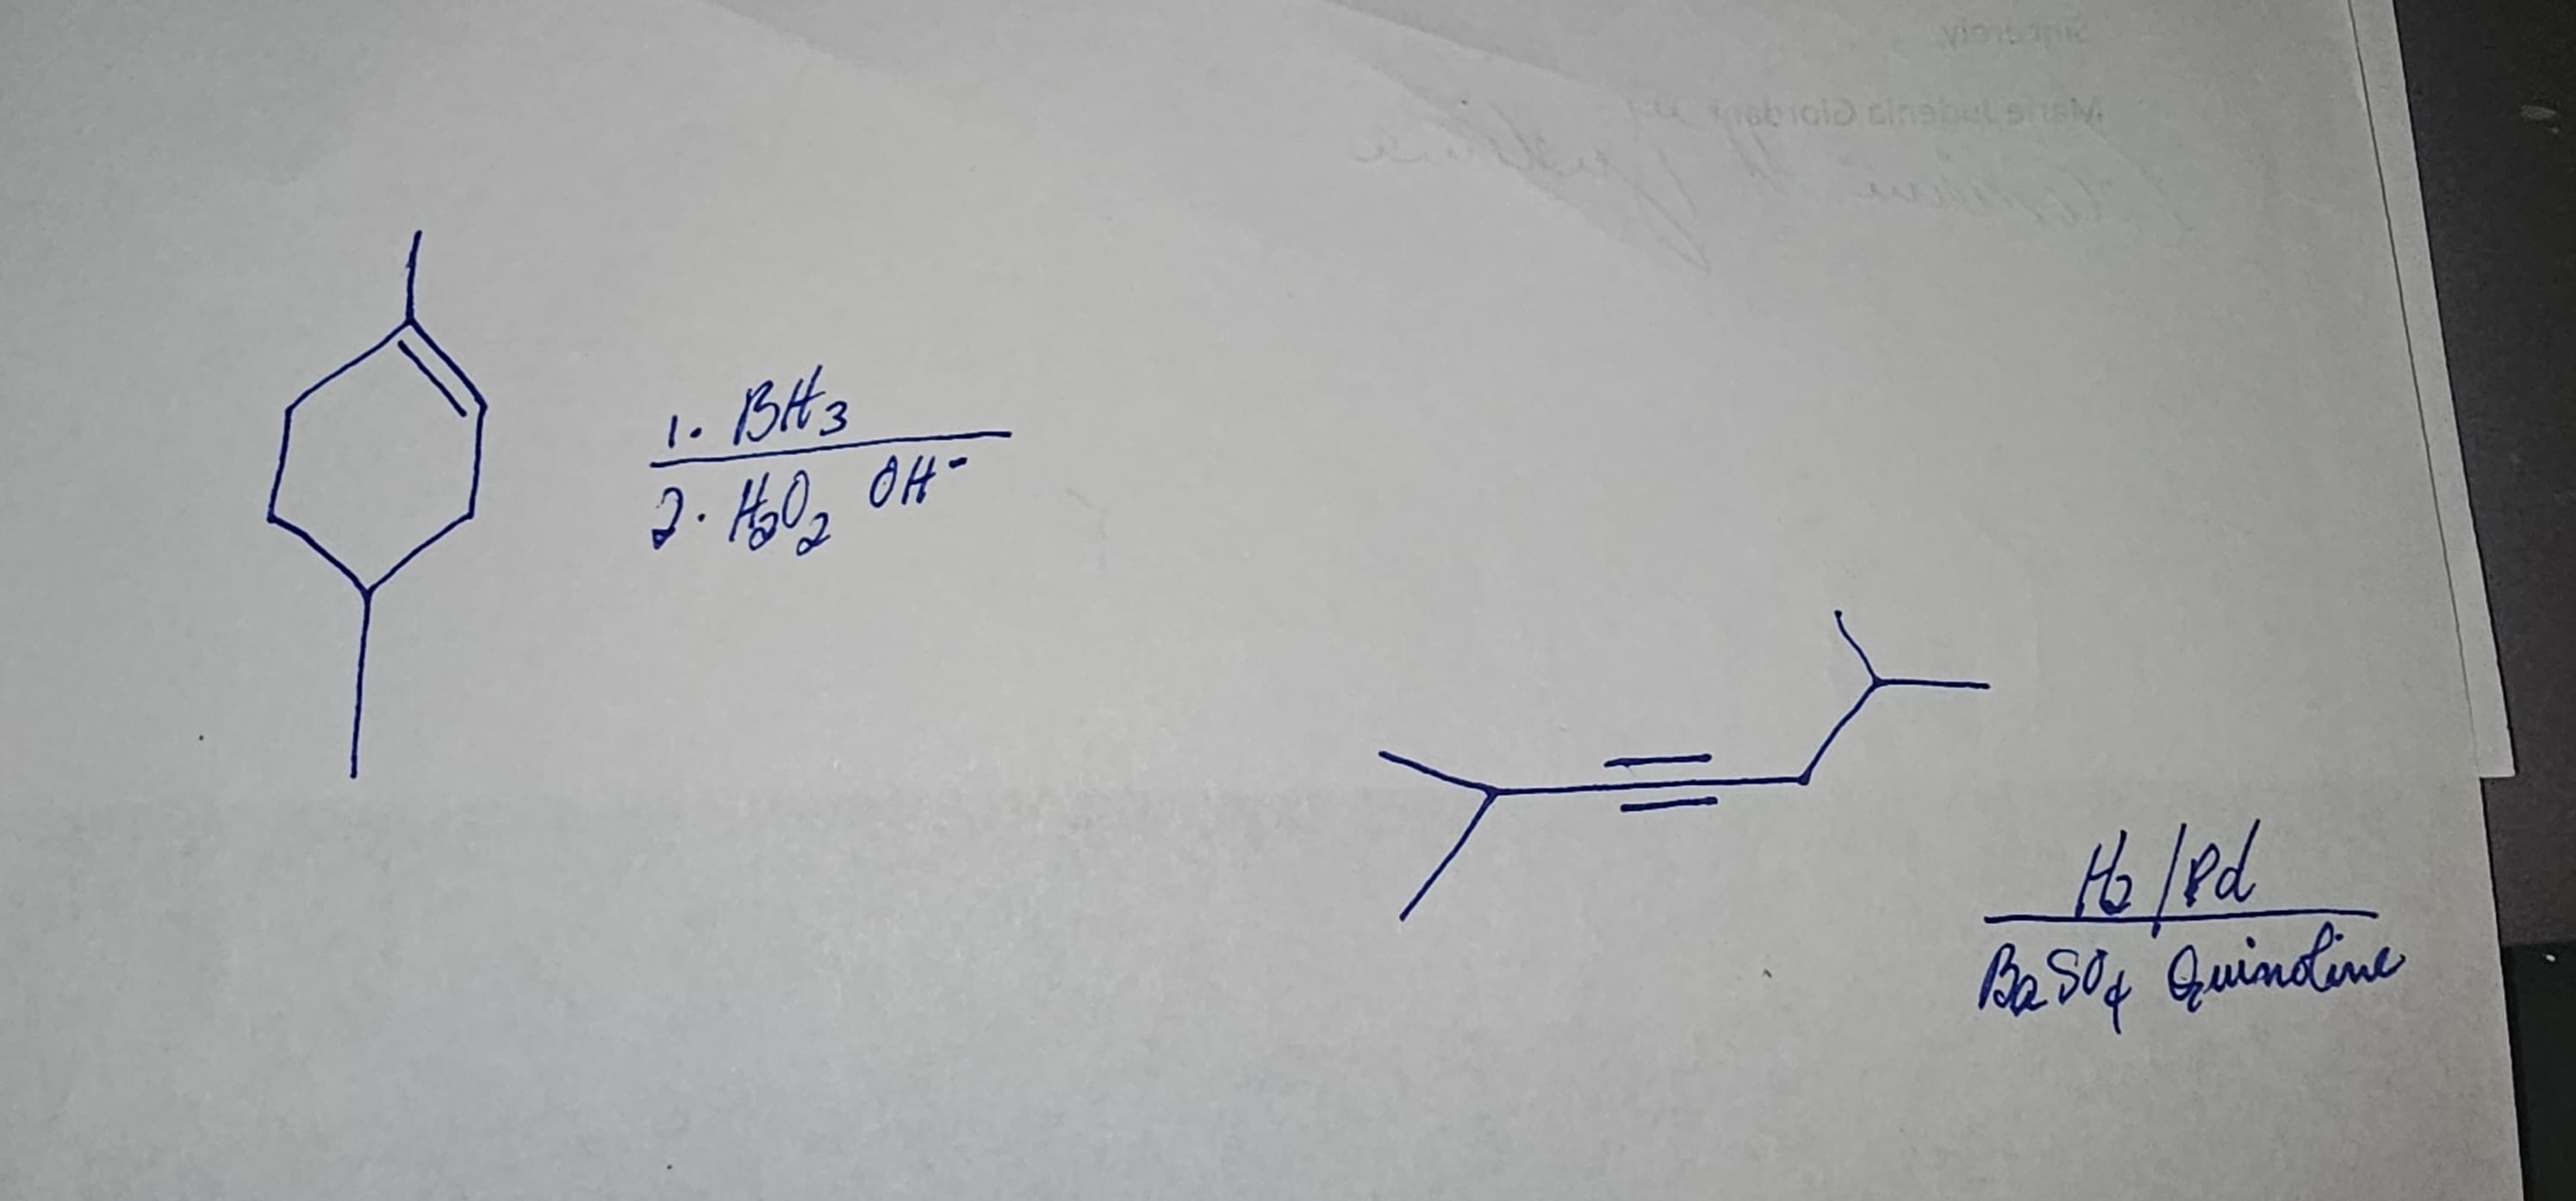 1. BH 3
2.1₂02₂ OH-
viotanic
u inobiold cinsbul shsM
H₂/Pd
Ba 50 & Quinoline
+++++
Instructions for the task » In your copy, please omit the pictures and print every line of the records exactly.

The answer »
 1. BH 3
2.1₂02₂ OH-
viotanic
u inobiold cinsbul shsM
H₂/Pd
Ba 50 & Quinoline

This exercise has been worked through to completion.